Neiva Regente is a Brazilian propeller-driven four-seat light utility aircraft manufactured by Indústria Aeronáutica Neiva.

History
The design was started in 1959 for a four-seat cabin monoplane aircraft with a high wing and fixed undercarriage. The prototype, designated the Neiva Regente 360C, was first flown on 7 September 1961 with a 145 hp (108 kW) Continental O-300 piston engine.
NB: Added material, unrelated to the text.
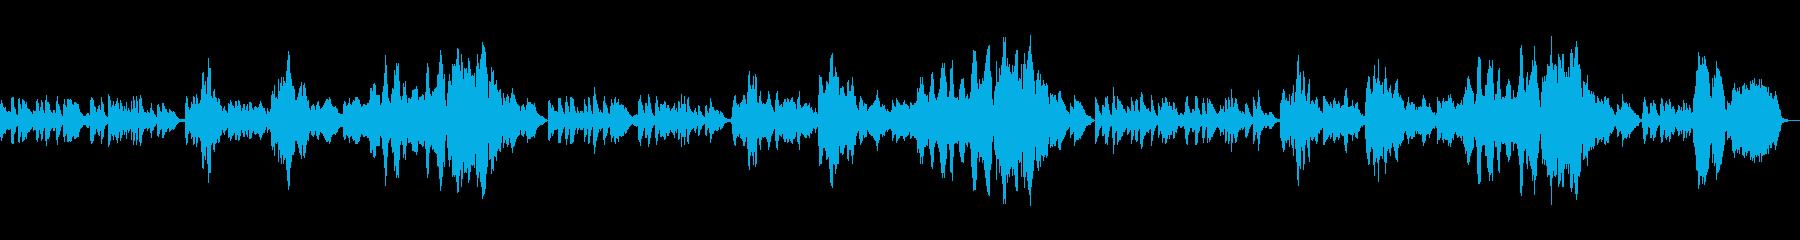 ロマンチックなカンツォーネの再生済みの波形

The type was ordered into production by the Brazilian Air Force with a more powerful 180 hp (134 kW) Lycoming O-360-A1D engine. Eighty aircraft were built originally designated the U-42 (later changed to C-42) for the utility role. First delivery occurred in February 1975.
Neiva developed a three-seat Air Observation Post version for the Air Force, designated the Regente 420L. Its tailcone was lowered in order to improve visibility, and it used a more powerful Continental IO-360D 210 hp engine. The aircraft was first flown in January 1967 as the YL-42.  Forty were built for the Brazilian Air Force as the L-42. It had provision to carry light bombs or rockets on underwing hardpoints.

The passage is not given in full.